This book constitutes the thoroughly refereed post-conference proceedings of the 8th TPC Technology Conference, on Performance Evaluation and Benchmarking, TPCTC 2016, held in conjunction with the 41st International Conference on Very Large Databases (VLDB 2016) in New Delhi, India, in September 2016.

The 9 papers presented were carefully reviewed and selected from 20 submissions. They reflect the rapid pace at which industry experts and researchers develop innovative techniques for evaluation, measurement and characterization of complex systems.

Inhaltsverzeichnis

Frontmatter
Industry Standards for the Analytics Era: TPC Roadmap
Abstract
The Transaction Processing Performance Council (TPC) is a non-profit organization focused on developing data-centric benchmark standards and disseminating objective, verifiable performance data to industry. This paper provides a high-level summary of TPC benchmark standards, technology conference initiative, and new development activities in progress.

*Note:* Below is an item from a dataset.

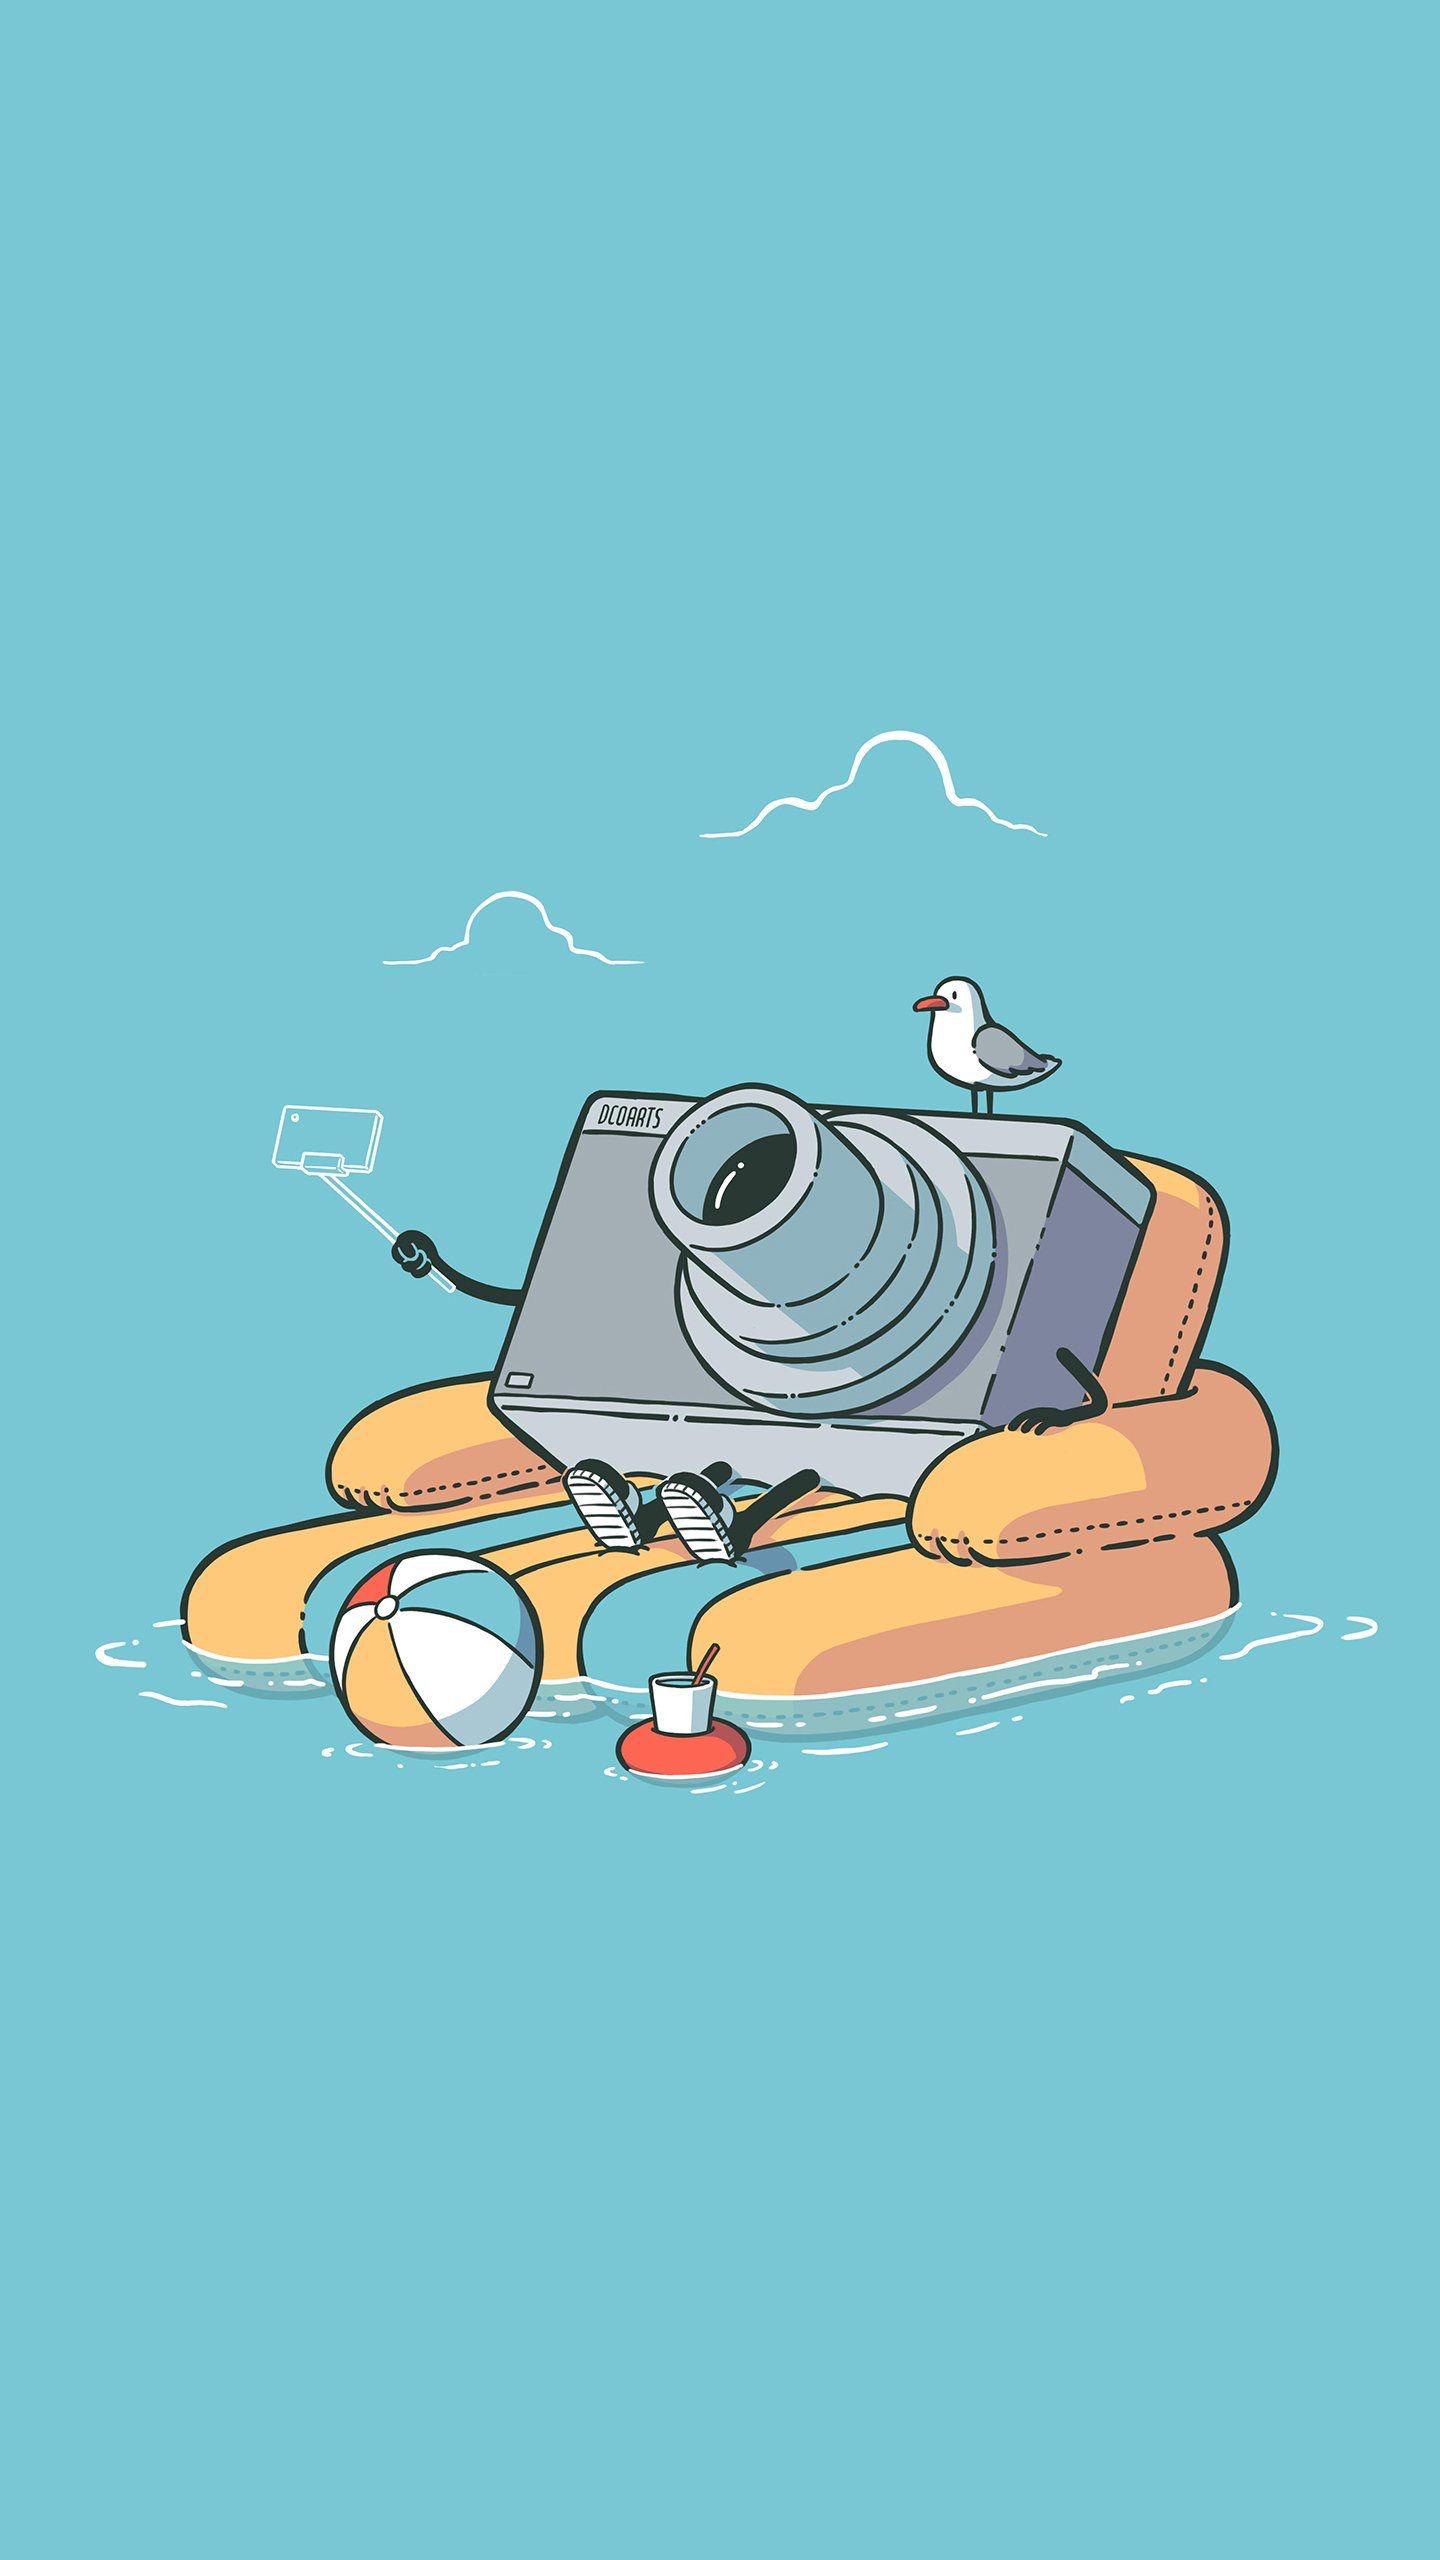 Vertical Digital Art Simple Background Camera Seagulls Water 1440x2560 Wallpaper Wallhaven Cc Cartoon Wallpaper Spongebob Wallpaper Space Artwork

Raghunath Nambiar, Meikel Poess
TPCx-HS on the Cloud!
Abstract
The introduction of web scale operations needed for social media coupled with ease of access to the internet by mobile devices has exponentially increased the amount of data being generated every day. By conservative estimates the world generates close to 50,000 GB of data every second, 90% of which is unstructured, and this growth is accelerating. From its origins as a web log processing system at Yahoo, the open source nature and efficient processing of Apache Hadoop has made it the industry standard for Big Data processing.
TPCx-HS was the first benchmark standard by a major Industry-Standard performance consortium for the Big Data space. TPCx-HS is a derivative of Apache Hadoop Workloads; Teragen, Terasort and Teravalidate. Ever since its release by the TPC in August 2014, all the 18 results published (as of August 2016) have been based on on-premise, Bare-metal hardware configurations.

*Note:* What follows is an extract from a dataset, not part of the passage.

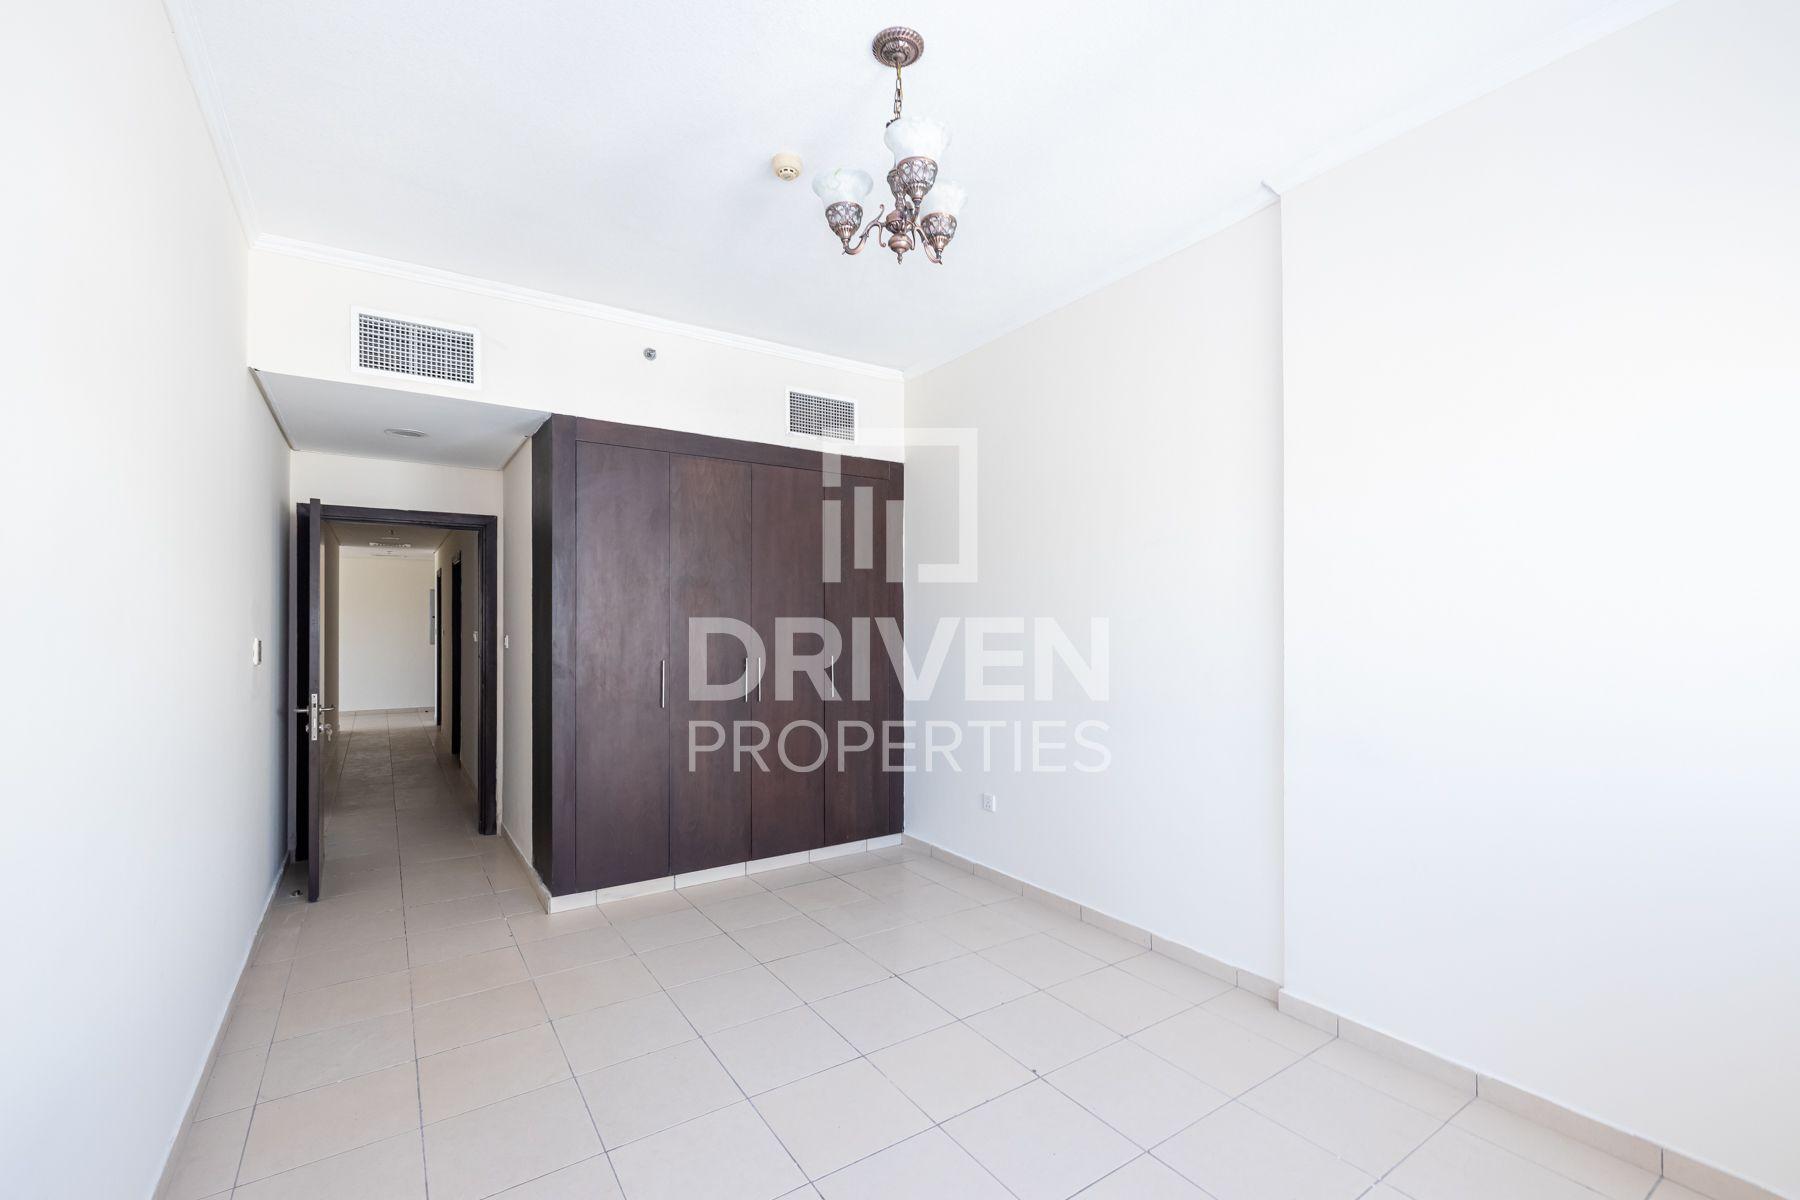 Apartment for Rent in Mazaya 29 - Dubai Land

This paper will show how Hadoop can be deployed on an OpenStack cloud using the OpenStack Sahara project and how TPCx-HS can be used to measure and evaluate the performance of the Cloud under Test (CuT). It will also show how an OpenStack cloud can be optimized to get the performance of TPCx-HS on the Cloud to match as closely as possible that on a Bare-metal configuration. Lastly, it will share results and experiences based on a Hadoop on Cloud Proof-of-Concept (POC), a study that was undertaken by the Dell Open Source Solutions team.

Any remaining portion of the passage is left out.